For 4^28, we can recognize that it can be rewritten as (2^2)^28 = 2^(2*28) = 2^56.
So, the expression simplifies to:
7^10 / 2^56
Therefore, the simplified fraction with no remaining exponents is 7^10 / 2^56.
We have (4^3 ⋅ 7^(-2))^(-5) / 7^9 ⋅ 4^(-13)

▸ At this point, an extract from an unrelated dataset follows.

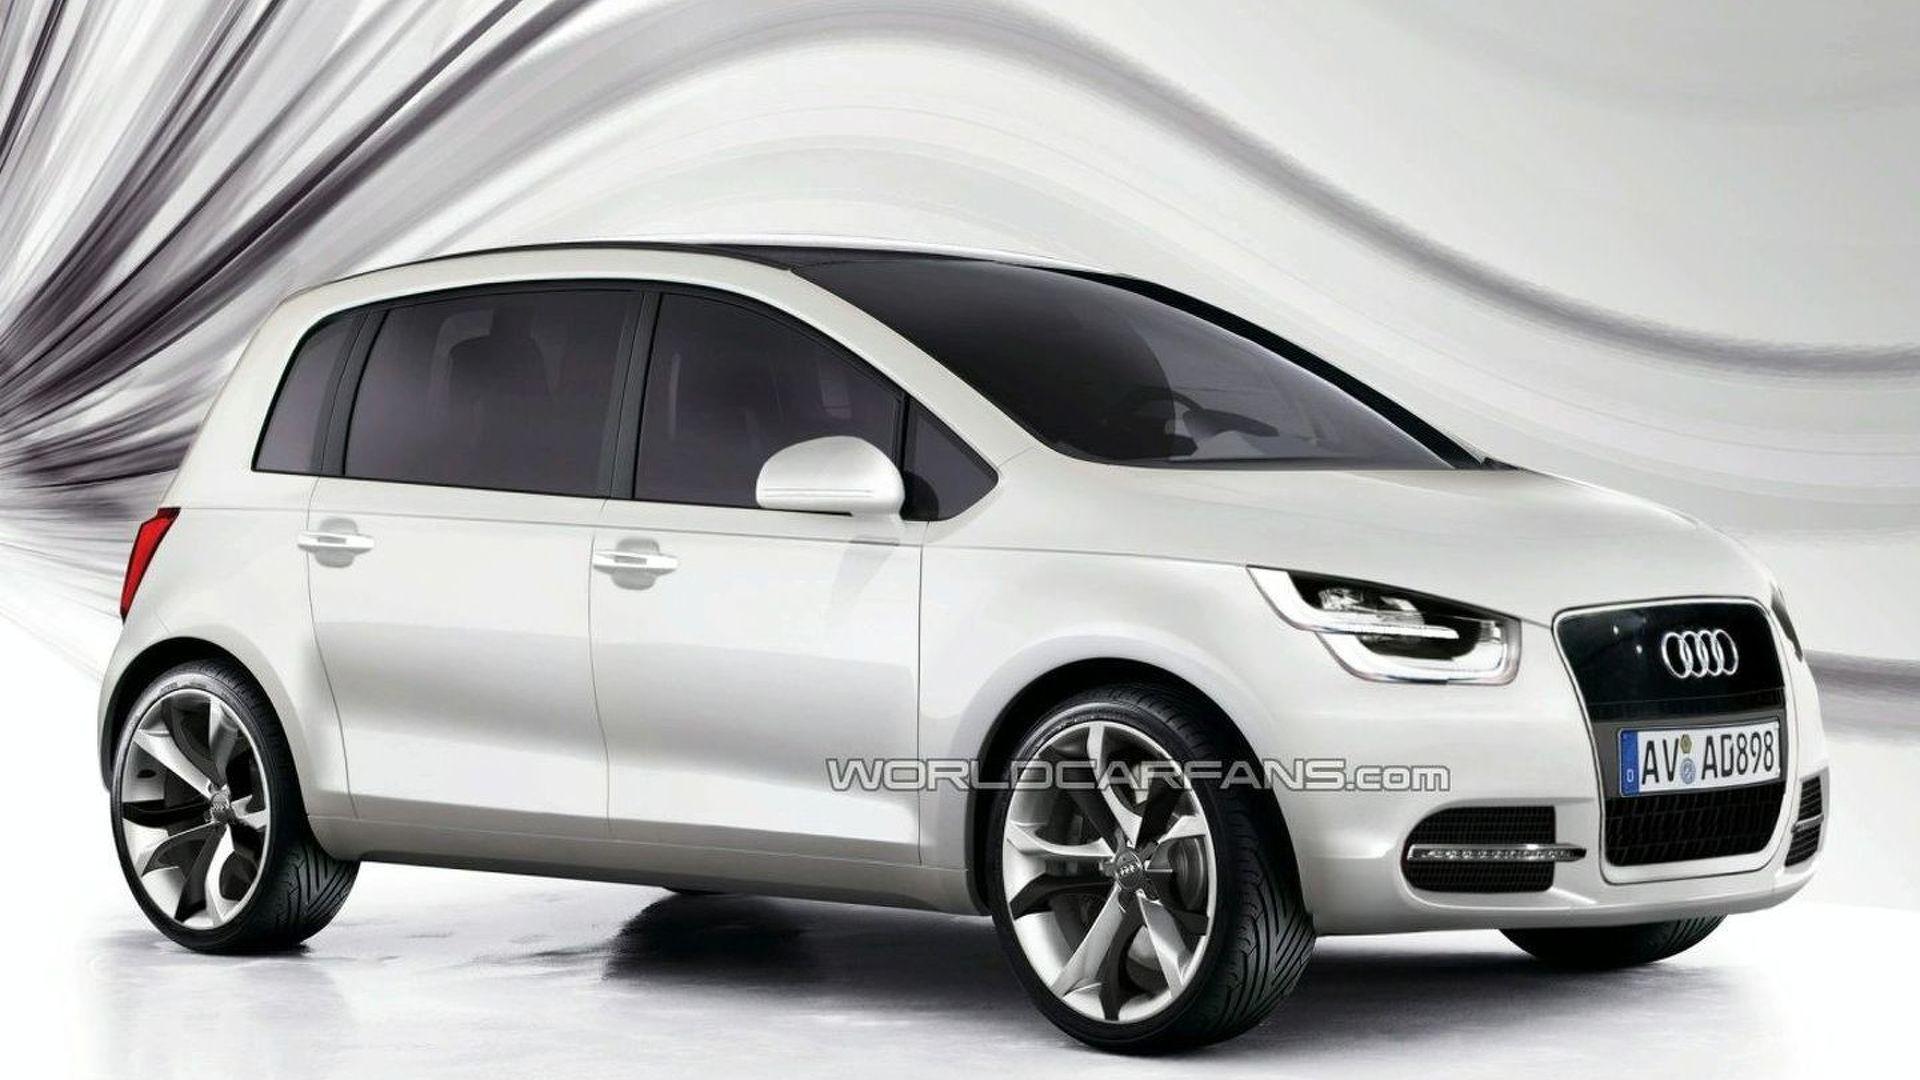 New Audi A Development Reaches Concept Car Stage - Audi a2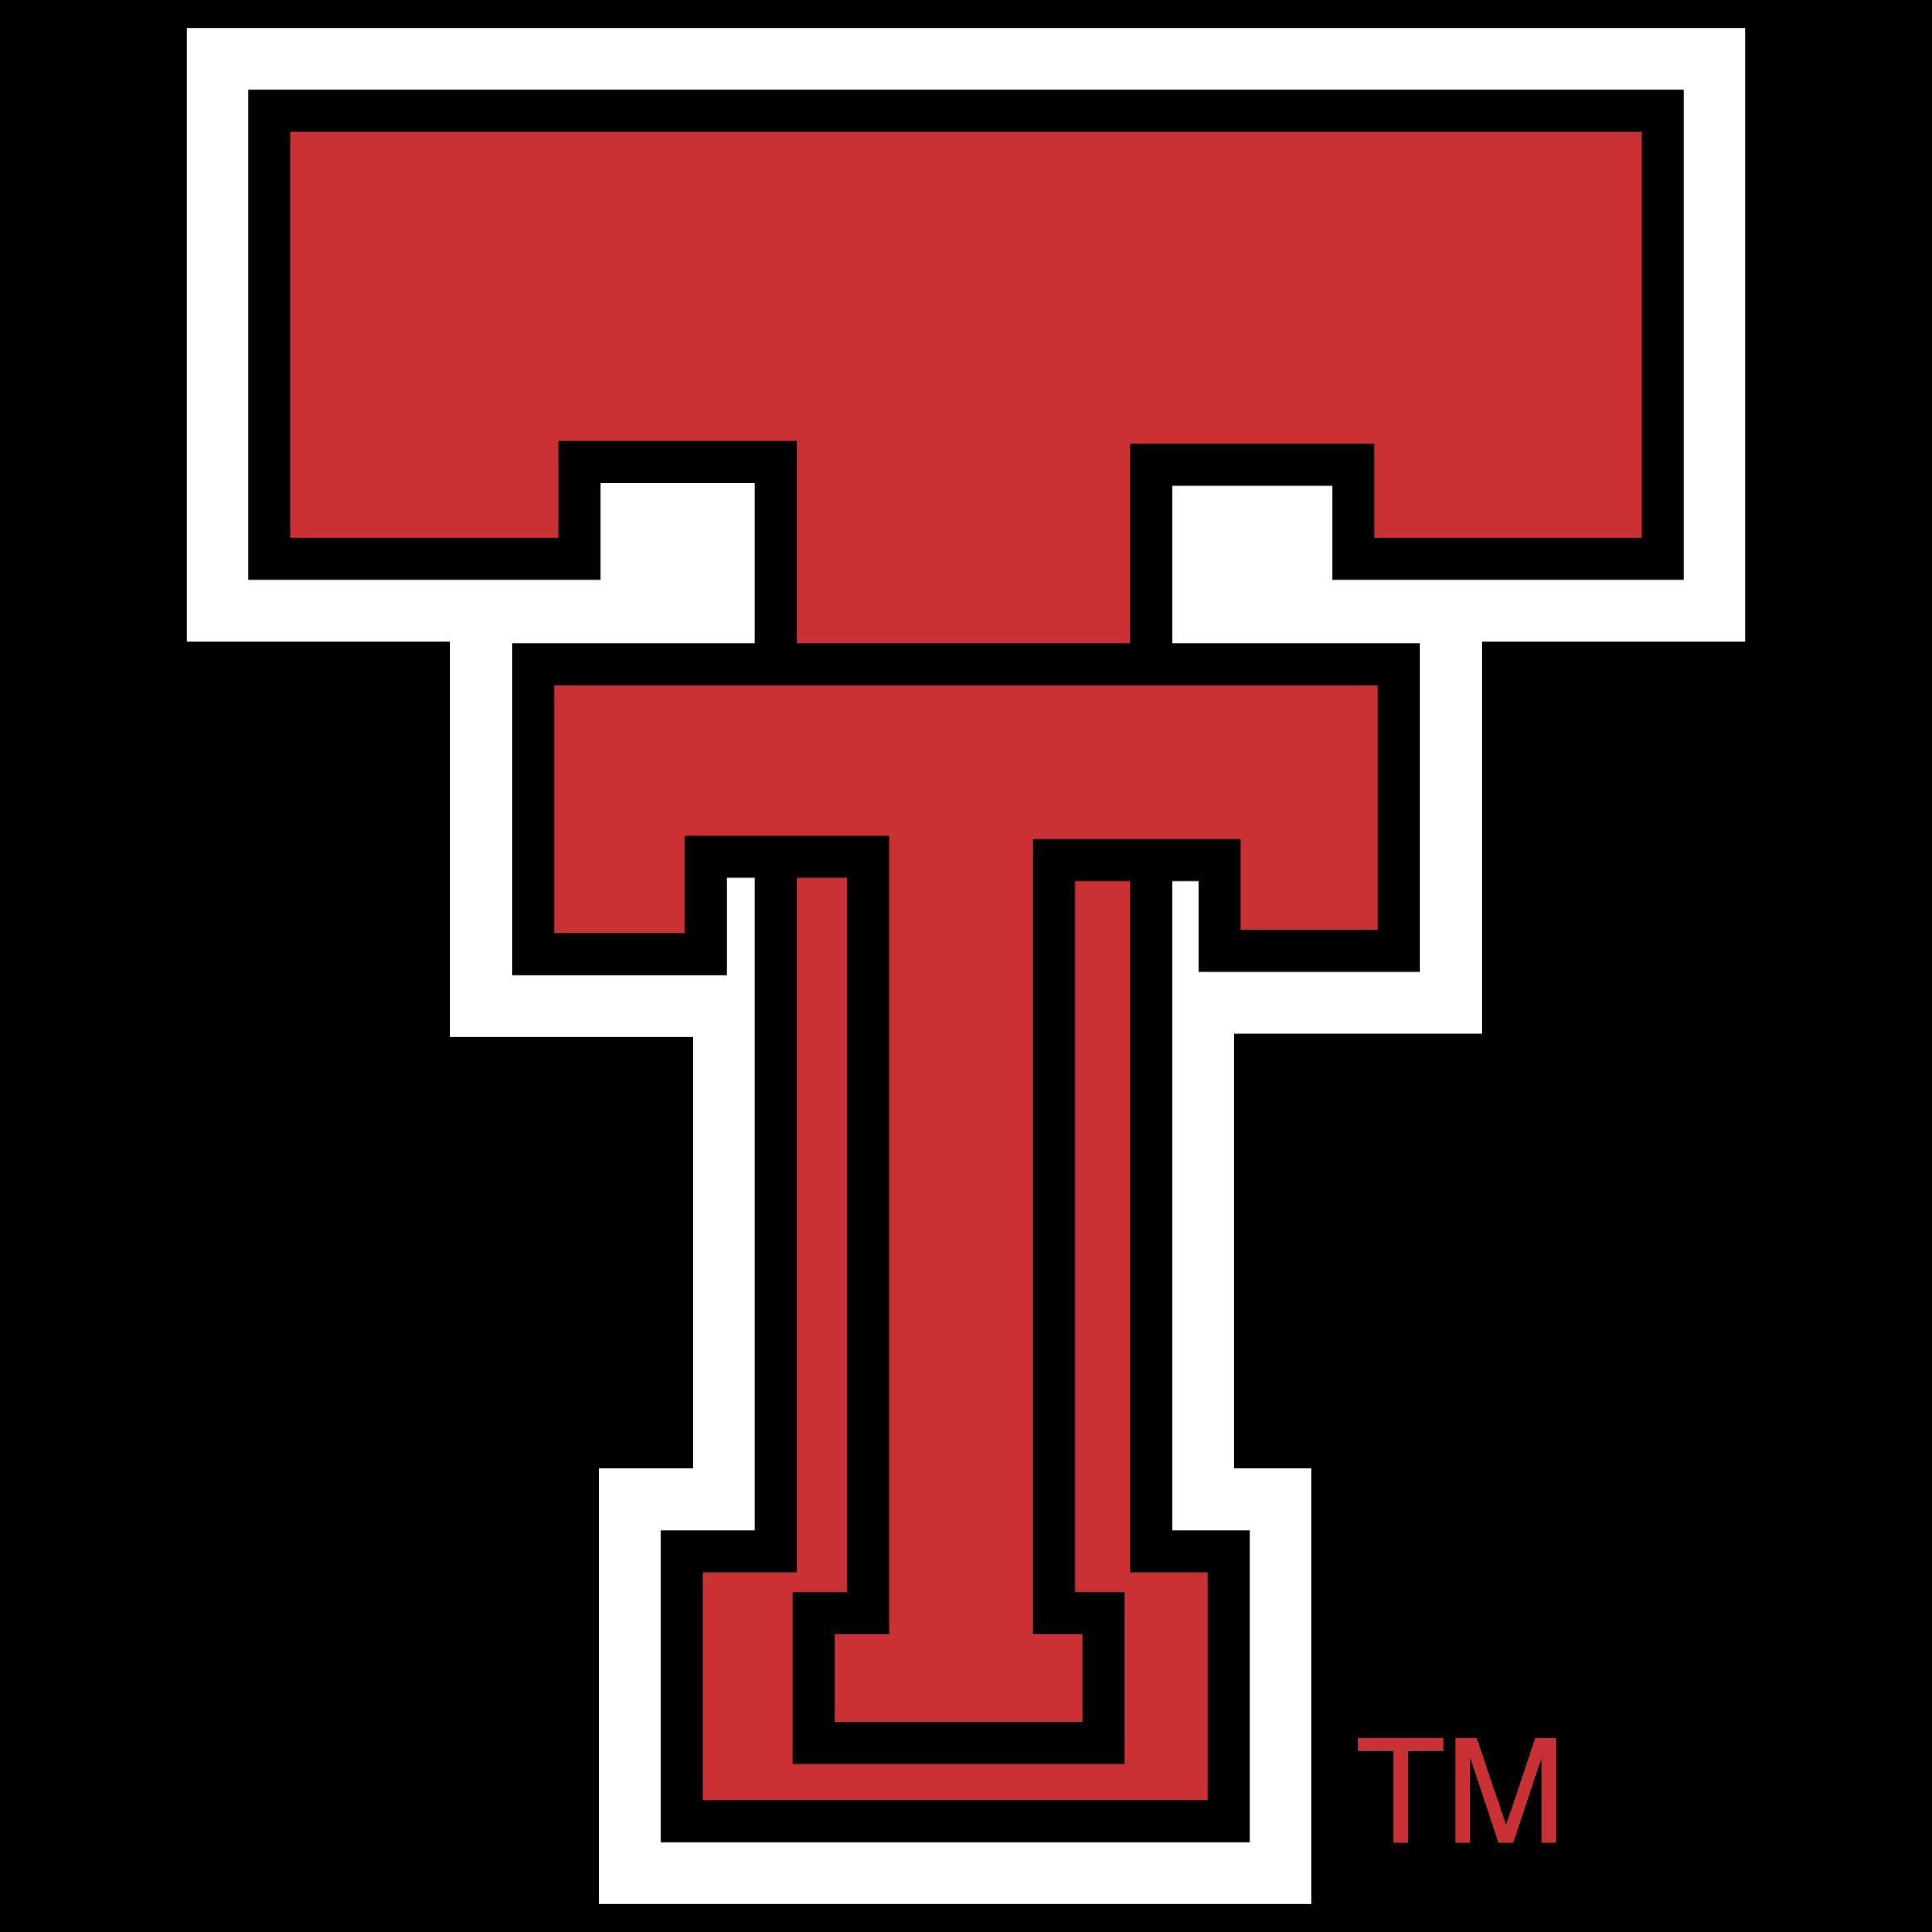 texas tech red raiders logo png transparent svg vector freebie rh freebiesupply com texas tech logo stencil texas tech logos pictures

Using the property (a^m)^n = a^(m*n), we can raise the base expressions to the power (-5):
(4^(3*(-5)) ⋅ 7^(-2*(-5))) / 7^9 ⋅ 4^(-13)
Simplifying exponents:
(4^(-15) ⋅ 7^10) / 7^9 ⋅ 4^(-13)
Applying the property a^(-n) = 1 / a^n, we can convert the negative exponents to positive exponents:
(1/4^15 ⋅ 7^10) / 7^9 ⋅ 1/4^13
To simplify further, we can combine the fractions and the multiplication and division:
(1 ⋅ 7^10) / (4^15 ⋅ 7^9 ⋅ 4^13)
Canceling out common factors, we have:
7^10 / (4^15 ⋅ 4^13)
Using the property of exponents a^m ⋅ a^n = a^(m+n), we can combine the exponents of 4:
7^10 / 4^(15+13)
Simplifying the exponents:
7^10 / 4^28
Now, we can simplify further by looking for common factors in the numerator and denominator:
7^10 is already in its simplified form.
For 4^28, we can recognize that it can be rewritten as (2^2)^28 = 2^(2*28) = 2^56.
So, the expression simplifies to:
7^10 / 2^56
Therefore, the simplified fraction with no remaining exponents is 7^10 / 2^56.